(Records contained in a dataset)
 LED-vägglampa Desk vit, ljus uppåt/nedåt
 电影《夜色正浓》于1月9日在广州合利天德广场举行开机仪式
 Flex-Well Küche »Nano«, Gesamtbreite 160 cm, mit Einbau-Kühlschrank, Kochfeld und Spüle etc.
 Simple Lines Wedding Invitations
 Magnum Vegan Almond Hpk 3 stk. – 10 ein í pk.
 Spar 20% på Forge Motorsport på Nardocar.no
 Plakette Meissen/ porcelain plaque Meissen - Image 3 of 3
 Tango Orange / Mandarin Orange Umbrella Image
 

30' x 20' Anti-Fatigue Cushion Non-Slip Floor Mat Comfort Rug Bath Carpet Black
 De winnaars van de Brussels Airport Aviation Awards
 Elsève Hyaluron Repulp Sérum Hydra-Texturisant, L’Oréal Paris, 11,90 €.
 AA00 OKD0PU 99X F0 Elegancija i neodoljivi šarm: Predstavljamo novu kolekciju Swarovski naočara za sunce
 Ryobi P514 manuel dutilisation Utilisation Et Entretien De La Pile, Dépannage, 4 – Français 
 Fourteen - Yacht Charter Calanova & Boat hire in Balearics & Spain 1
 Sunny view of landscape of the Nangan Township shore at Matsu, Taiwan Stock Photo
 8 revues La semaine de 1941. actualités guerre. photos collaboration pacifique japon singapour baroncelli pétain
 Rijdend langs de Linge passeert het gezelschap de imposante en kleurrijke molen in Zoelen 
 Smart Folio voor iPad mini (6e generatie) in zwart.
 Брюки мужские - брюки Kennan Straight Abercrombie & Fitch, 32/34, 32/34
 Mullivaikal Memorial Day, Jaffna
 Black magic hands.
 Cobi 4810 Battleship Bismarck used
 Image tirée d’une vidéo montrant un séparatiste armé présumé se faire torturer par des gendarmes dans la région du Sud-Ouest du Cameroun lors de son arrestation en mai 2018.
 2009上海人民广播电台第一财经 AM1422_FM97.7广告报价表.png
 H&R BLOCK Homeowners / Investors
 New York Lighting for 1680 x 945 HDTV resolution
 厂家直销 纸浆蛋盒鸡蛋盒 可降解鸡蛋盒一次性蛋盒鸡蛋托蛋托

• _EXERCISE DETAILS_
Using the entries above, quote each line verbatim from the first through the line that contains "Magnum Vegan Almond".

• _EXERCISE RESPONSE_
 LED-vägglampa Desk vit, ljus uppåt/nedåt
 电影《夜色正浓》于1月9日在广州合利天德广场举行开机仪式
 Flex-Well Küche »Nano«, Gesamtbreite 160 cm, mit Einbau-Kühlschrank, Kochfeld und Spüle etc.
 Simple Lines Wedding Invitations
 Magnum Vegan Almond Hpk 3 stk. – 10 ein í pk.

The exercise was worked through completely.